§ Given data:
■ ■ ■ ■ ■

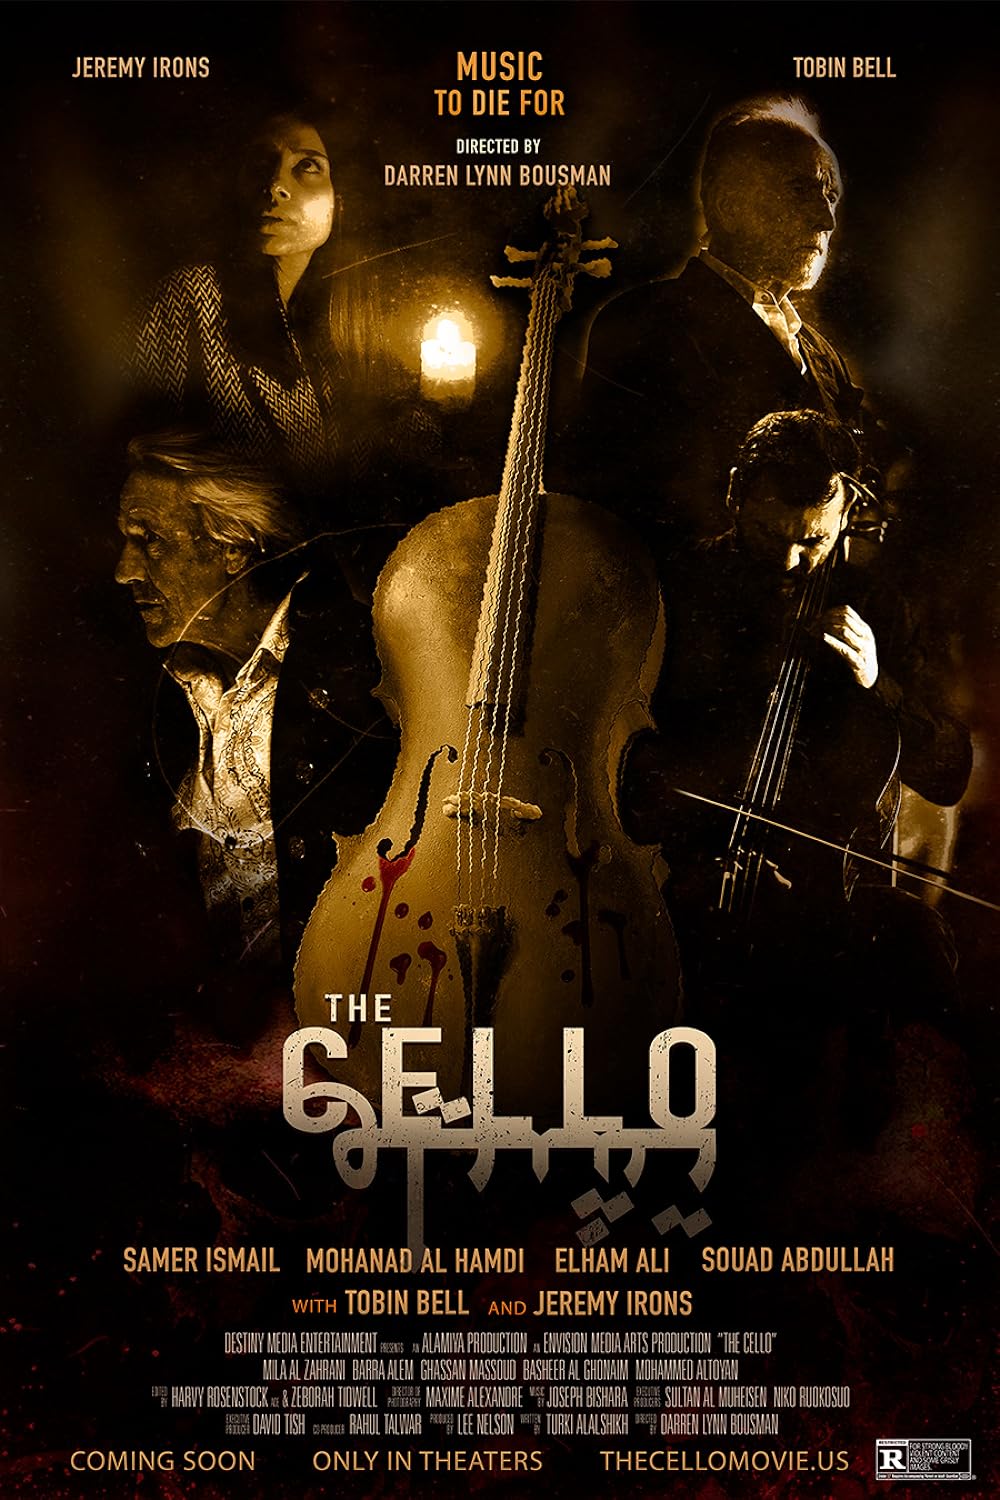 The Cello Trailer & Poster
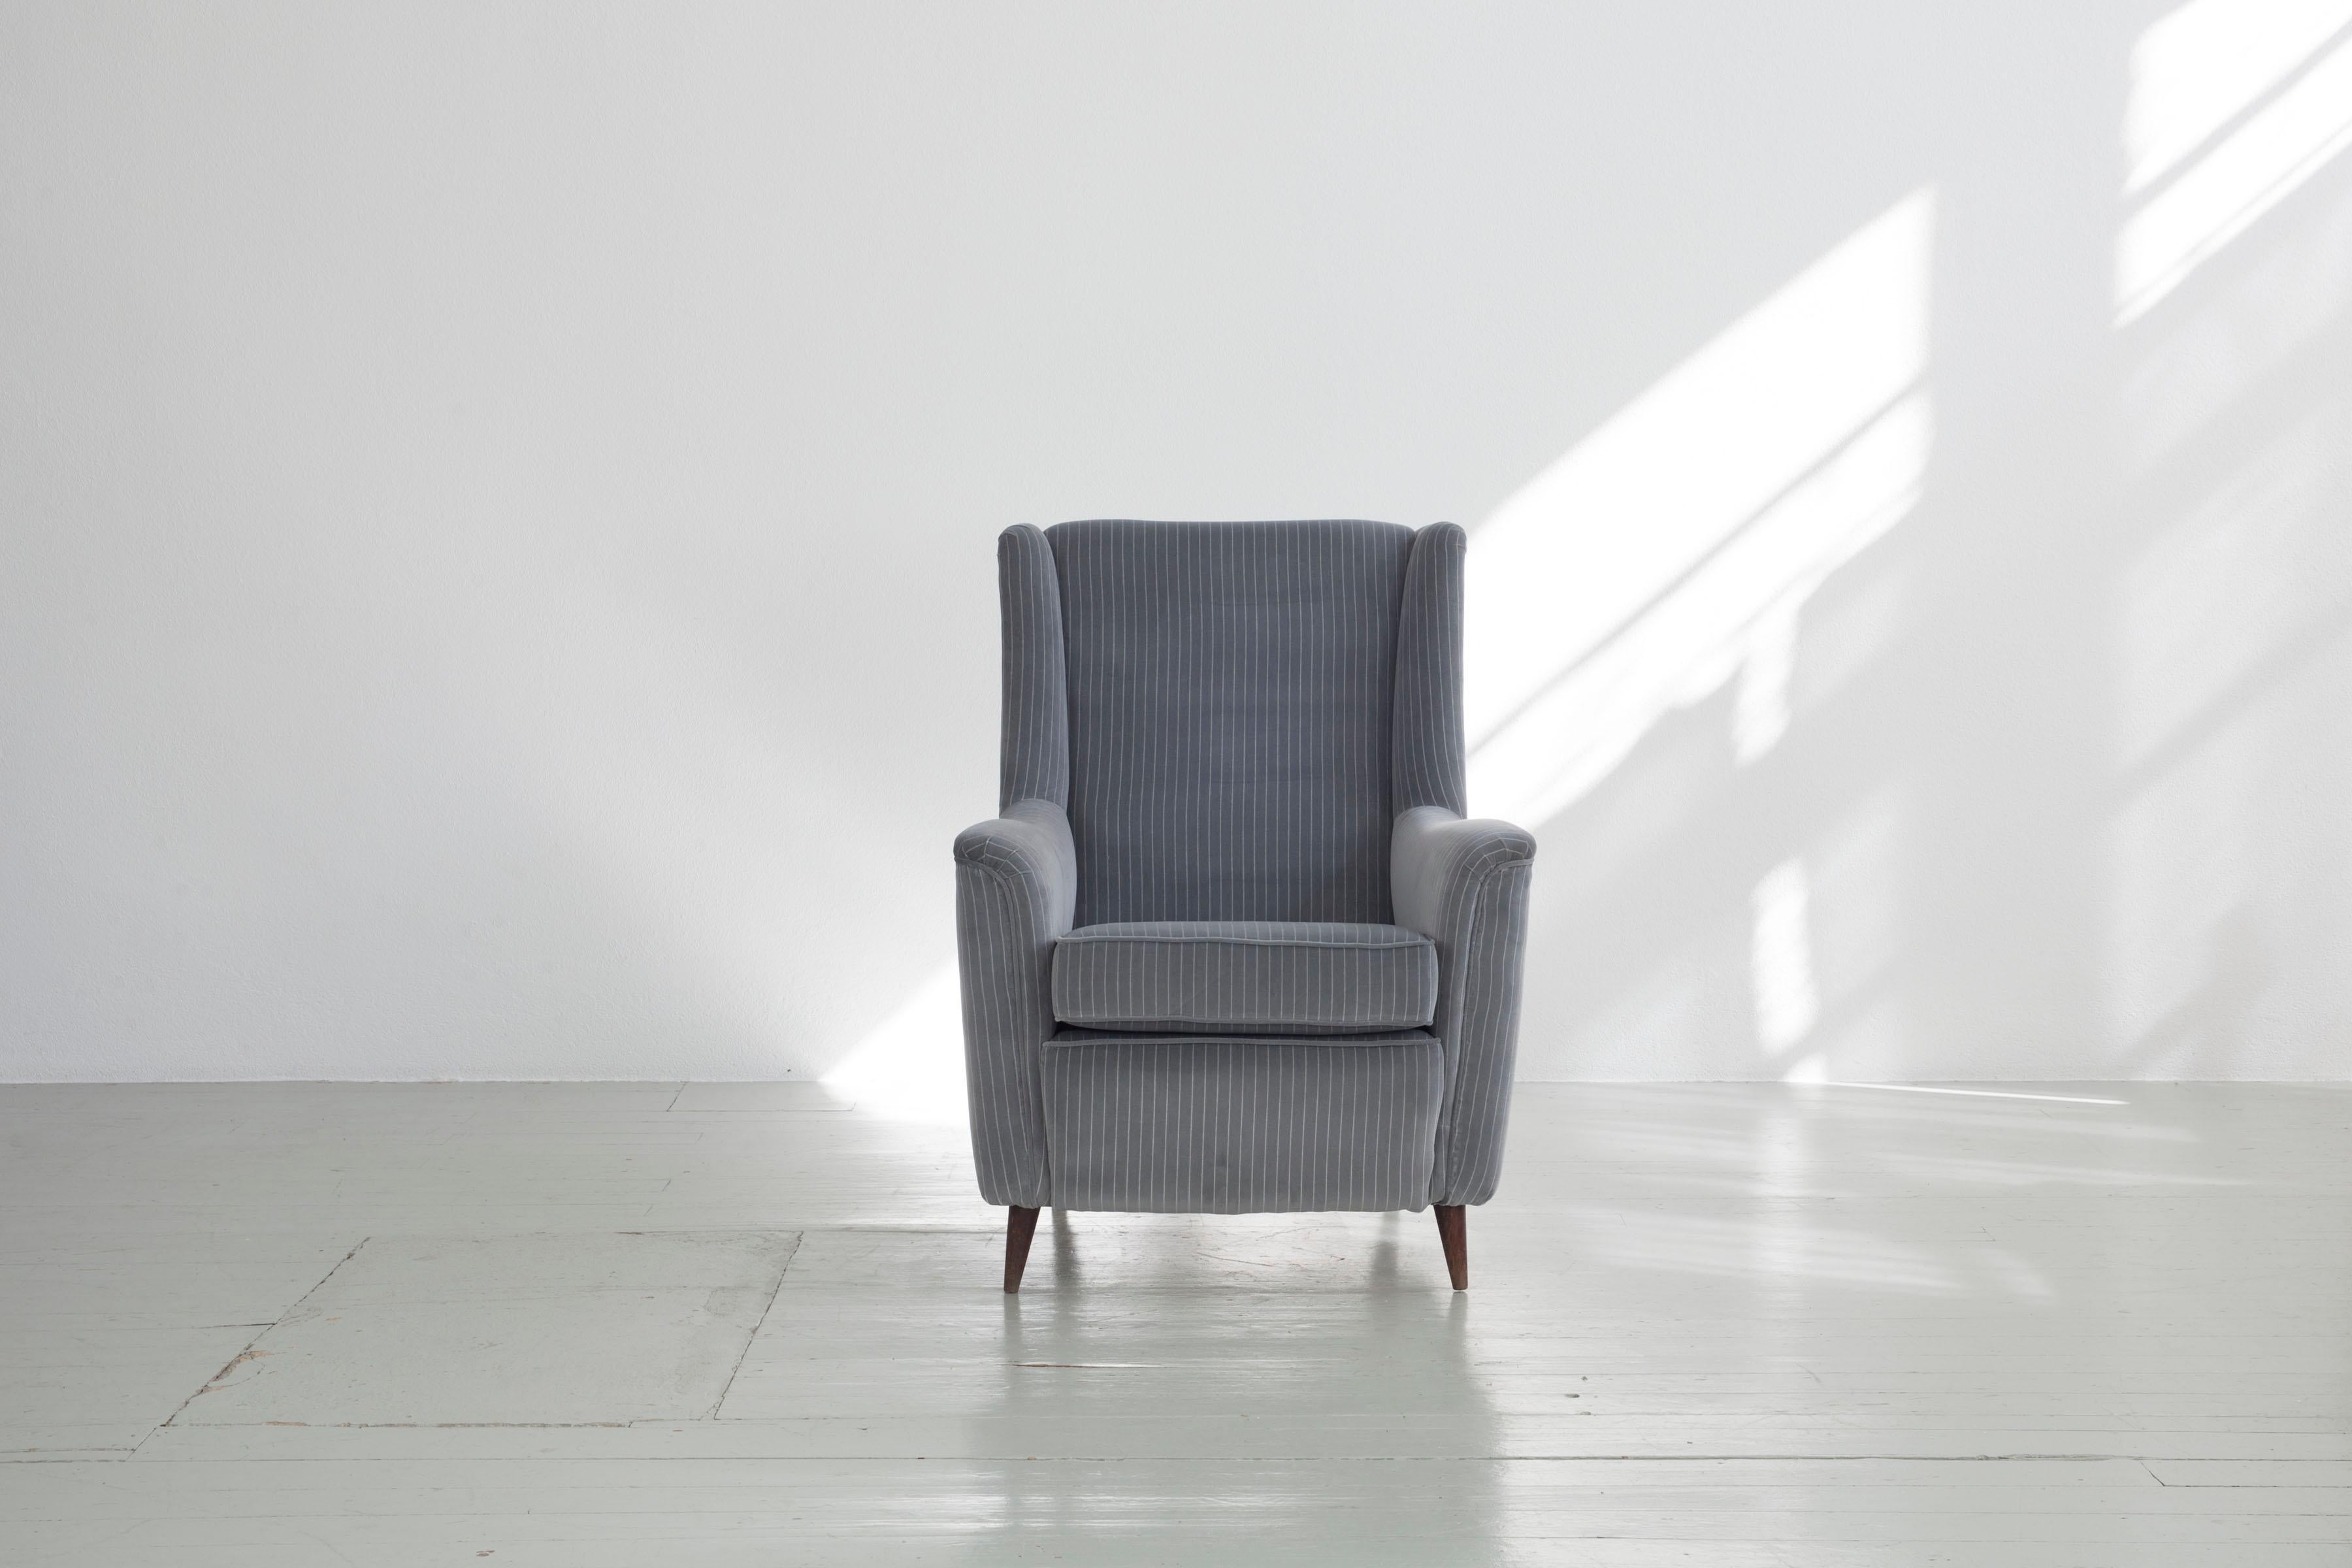 Dieses italienische Sesselpaar wurde von Ico Parisi entworfen und in den 1950er Jahren von Ariberto Colombo in Cantu hergestellt. Das Möbelstück ist mit einem grau-weiß gestreiften Samtstoff bezogen, wird von dunklen Holzbeinen getragen und ist in
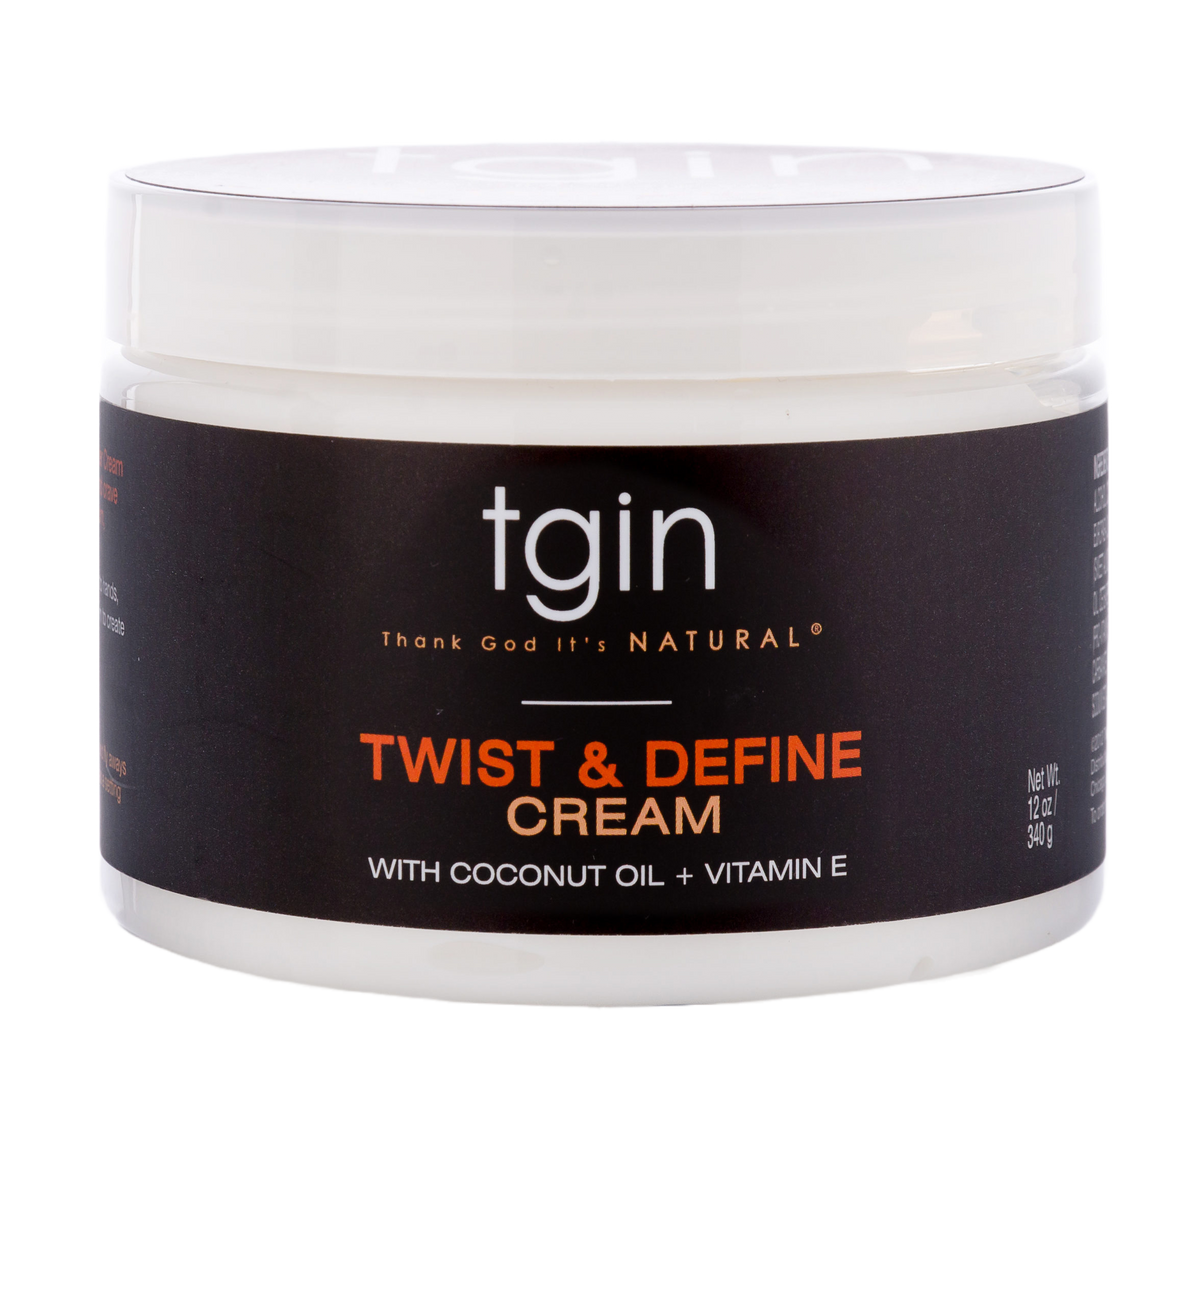 tgin Twist and Define Cream 12oz

■ ■ ■ ■ ■

§ Work to be completed:
When you write out the material again, keep every word exact and omit the pictures.

§ Task solution:
 The Cello Trailer & Poster
 Dieses italienische Sesselpaar wurde von Ico Parisi entworfen und in den 1950er Jahren von Ariberto Colombo in Cantu hergestellt. Das Möbelstück ist mit einem grau-weiß gestreiften Samtstoff bezogen, wird von dunklen Holzbeinen getragen und ist in
 tgin Twist and Define Cream 12oz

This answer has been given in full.